オルティガが周囲を見回しながら提案する。
「早く安全な場所まで移動しましょう。日も昇りきってしまいました」
全員が頷き、急いで馬車に乗り込む。車輪が地面を踏みしめる音が、静かに響く。
馬車は森を抜け、広大な平原へと出る。
太陽に照らされた草原が、黄金色に輝いている。
遥斗は馬車の性能の高さに驚かされていた。
馬車を引く馬は明らかに強化されており、その走行速度は通常の馬をはるかに上回る。
筋肉の隆起が目立ち、目には知的な光が宿っていた。
さらに馬車本体にも魔力が付与されており、驚くほど揺れが少ない。
車輪の周りには、かすかな魔力の光が漂っていた。
(これなら国境を超えるのにも、それほど時間はかからないかもしれないな)
遥斗は分析的な目で馬車の構造を観察していた。
彼の頭の中では、すでにいくつもの仮説が組み立てられていた。
夕陽が地平線に沈みかける頃、見晴らしの良い場所で馬車が停まる。辺りは夕暮れ特有の柔らかな光に包まれていた。
「今日はこのあたりで野営のようですな」
ガイラスの言葉に、遥斗は驚いた表情を見せる。
(こんなところに姫を泊めさせるの?)
しかし御者は手慣れた様子で、馬車の荷台から調理器具を取り出し始めた。金属の道具が、夕陽に照らされて輝いている。
さらに大型のマジックバックから、新鮮な食材が次々と取り出される。野菜の瑞々しさに、遥斗は目を見張った。
遥斗は興味深そうにその準備を見つめていた。
特に、火の代わりに置かれた石のようなカケラに注目する。御者が魔力を流すと、それらは淡い青白い光を放ちながら熱を発し始めた。
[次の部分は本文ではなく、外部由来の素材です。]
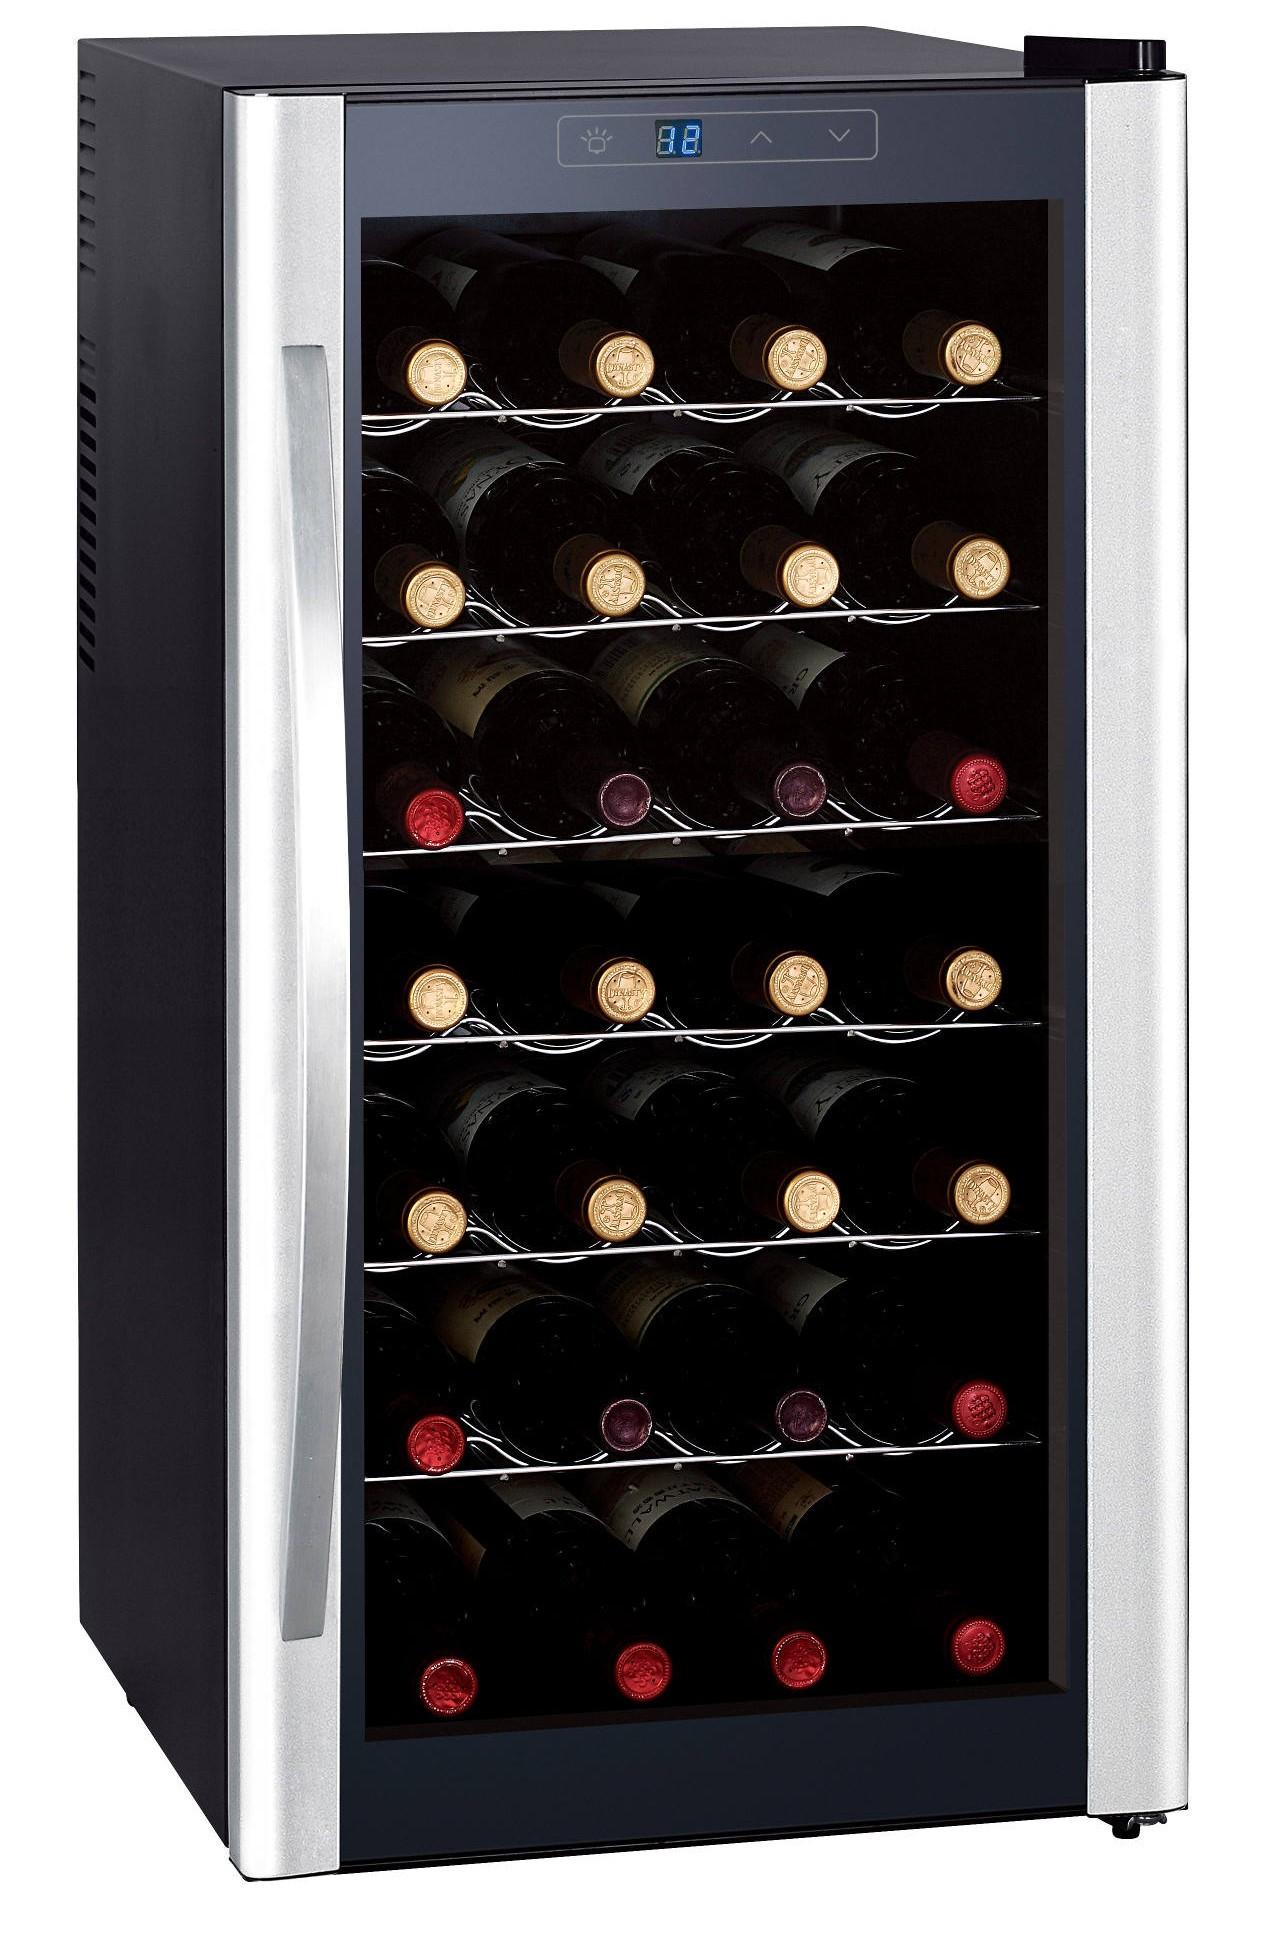 Vinoteca vinosphere vino 28k - Muebles para poner botellas de vino ...

その光は、次第に濃くなっていく夕闇の中で、一層神秘的に見えた。
「これは何ですか?」
好奇心に駆られた遥斗が御者に尋ねる。その目には、純粋な探究心が輝いていた。
「エーテルライトの欠片ですよ」
「エーテルライトって...」
「魔力銃にも使われているものよ。覚えてない?」
エレナが説明を加える。
「エーテルライトは大きなものしか安定して使えないの。小さな欠片はクズエーテルライトとして、こういった燃料代わりになるわ。それでもかなり高価なものよ」
彼女の説明は、いつも遥斗の理解しやすい言葉で語られていた。
御者は微笑みながら一つの欠片を遥斗に差し出した。青白い光を放つその欠片は、宝石のように美しかった。
「良かったらどうぞ」
「い、いいんですか!」
遥斗は子供のように目を輝かせる。その表情には、純粋な喜びが溢れていた。
「変わった方ですね」
御者は優しく笑う。その笑顔には、遥斗の反応を楽しむような温かさがあった。
「ええ、まぁ...変わり者なので」
エレナは苦笑いしながら答える。しかし、その声音には明らかな愛着が感じられた。
遥斗は受け取ったエーテルライトの欠片を夕暮れの空に掲げ、その輝きを観察していた。彼の瞳には純粋な探究心が宿っていた。夕陽の光とエーテルライトの青白い輝きが交差し、幻想的な光景を作り出している。
その光景を見つめる一行の表情には、それぞれ異なる思いが浮かんでいた。彼らを包む夕暮れは、穏やかで心地良いものだった。